Acute Bipolar Depression: Monotherapy (lithium OR lamotrigine OR quetiapine) → Add SSRI/venlafaxine to mood stabiliser if inadequate → ECT if severe/refractory/suicidal. NEVER antidepressant monotherapy. BP II: quetiapine first-line.

Maintenance: Lithium (gold standard, only drug to ↓ suicide), valproate (avoid women of childbearing potential), quetiapine. Lamotrigine for depression-predominant. Psychosocial interventions essential. Continue ≥3 years for lithium; relapse possible even after years of remission.

Key Drug Points:

  • Lithium: narrow therapeutic index (0.6–1.0), monitor levels/RFT/TFT q6mo, anti-suicidal, avoid with thiazides/NSAIDs/ACEi
  • Valproate: NEVER in women of reproductive potential (teratogenic), faster onset than lithium, good for mixed episodes
  • Lamotrigine: good for depression pole, titrate slowly (SJS risk), well-tolerated, ↑ levels with valproate
  • Carbamazepine: potent P450 inducer (drug interactions!), check HLA-B*1502 (SJS), auto-induces own metabolism
  • Quetiapine: versatile (mania + depression + maintenance), metabolic side effects
  • ECT: no absolute C/I, rapid response, use when pharmacotherapy fails or in emergencies

High Yield Summary

Suicide: 1/3 attempt, 10–20% die by suicide.

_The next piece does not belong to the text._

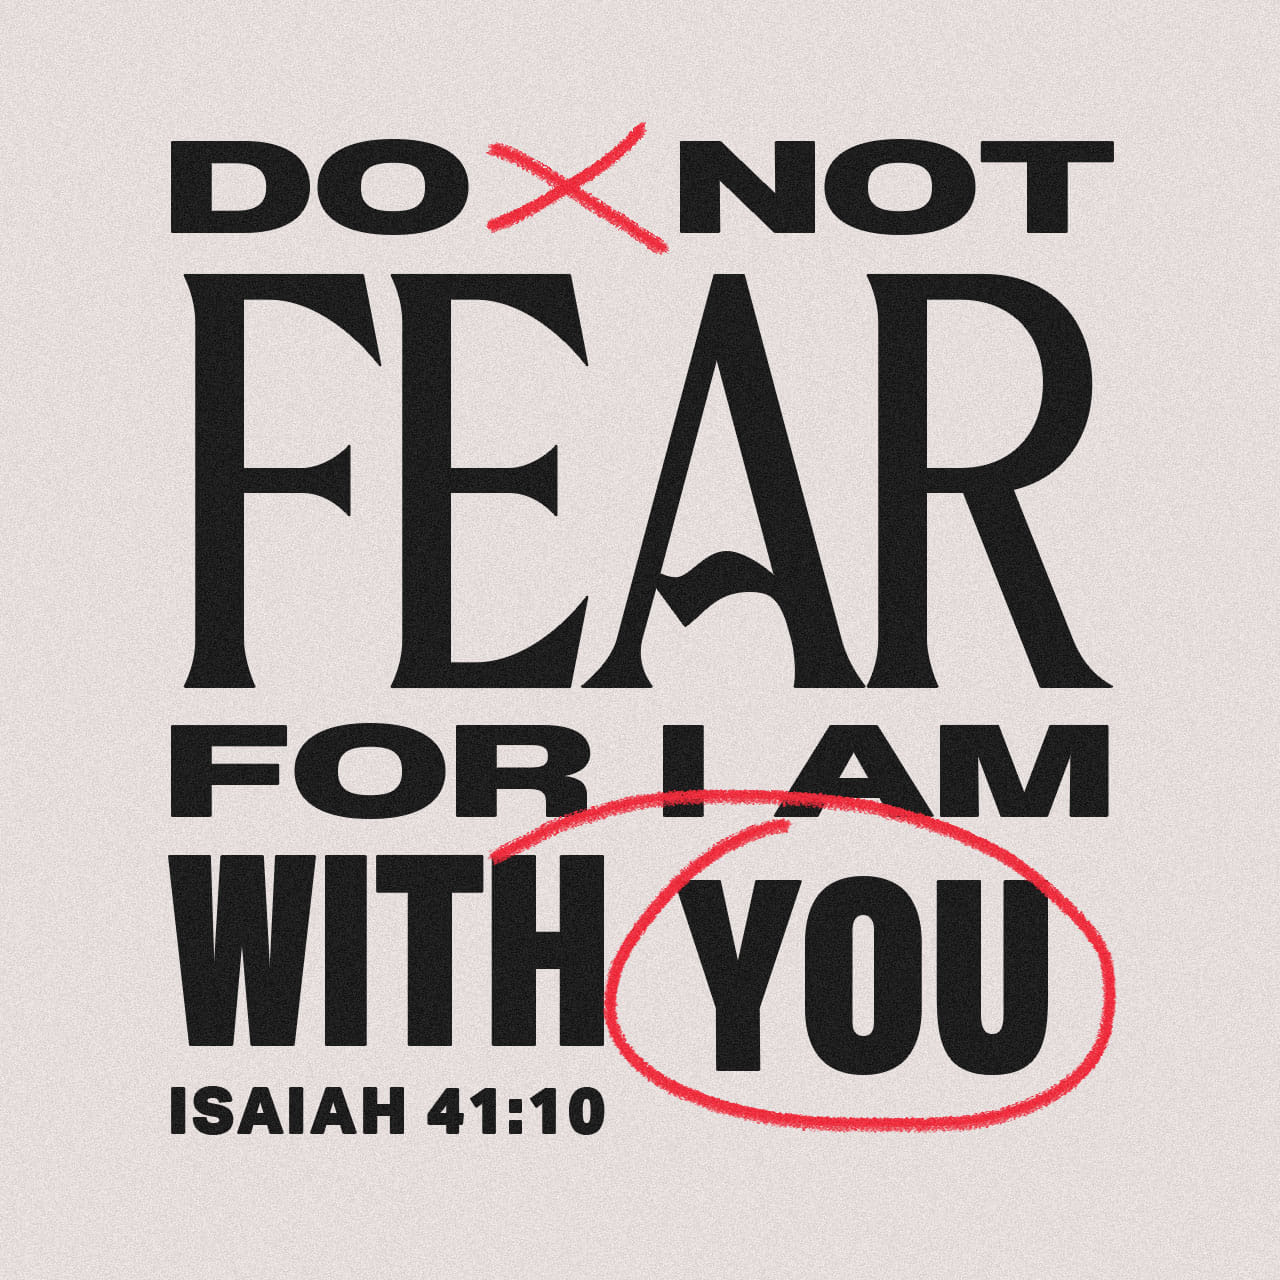 Do not fear for I am with you. - Isaiah 41:10 - Verse Image

Mixed episodes = highest risk. Lithium is the only mood stabiliser to reduce suicide (80% reduction).

Psychiatric comorbidity: Anxiety (OR 4–11× general population), substance use (OR 3–5×, especially drugs — more common in BD than MDD), sleep disorders, eating disorders, ADHD, personality disorders. Must treat both BD and comorbidities.

Medical complications: CVD/metabolic syndrome (leading non-suicidal cause of death — medication side effects + lifestyle), hypothyroidism (lithium), renal impairment (lithium), hepatotoxicity (valproate), teratogenicity (valproate > carbamazepine > lithium), SJS/TEN (carbamazepine, lamotrigine).

Cognitive decline: Global cognitive deficits. Neuroprogression theory — worse with frequent relapses; increased risk of future dementia. Staging: Stage 1 (high risk/subsyndromal) → Stage 2 (few episodes, good function) → Stage 3 (recurrent episodes, declining function/cognition).

Functional impairment: Functional recovery (43%) lags behind syndromal recovery (98%) — job loss, relationship breakdown, financial ruin, legal consequences, stigma.

Prognosis: Poor. < 20% achieve 5-year stability. Life expectancy ↓13y (M), ↓9y (F). ≥90% have further episodes. 40% relapse within 2 years.

Iatrogenic: Antidepressant monotherapy → manic switch + cycle acceleration (most important avoidable complication). Metabolic syndrome from antipsychotics. Lithium toxicity.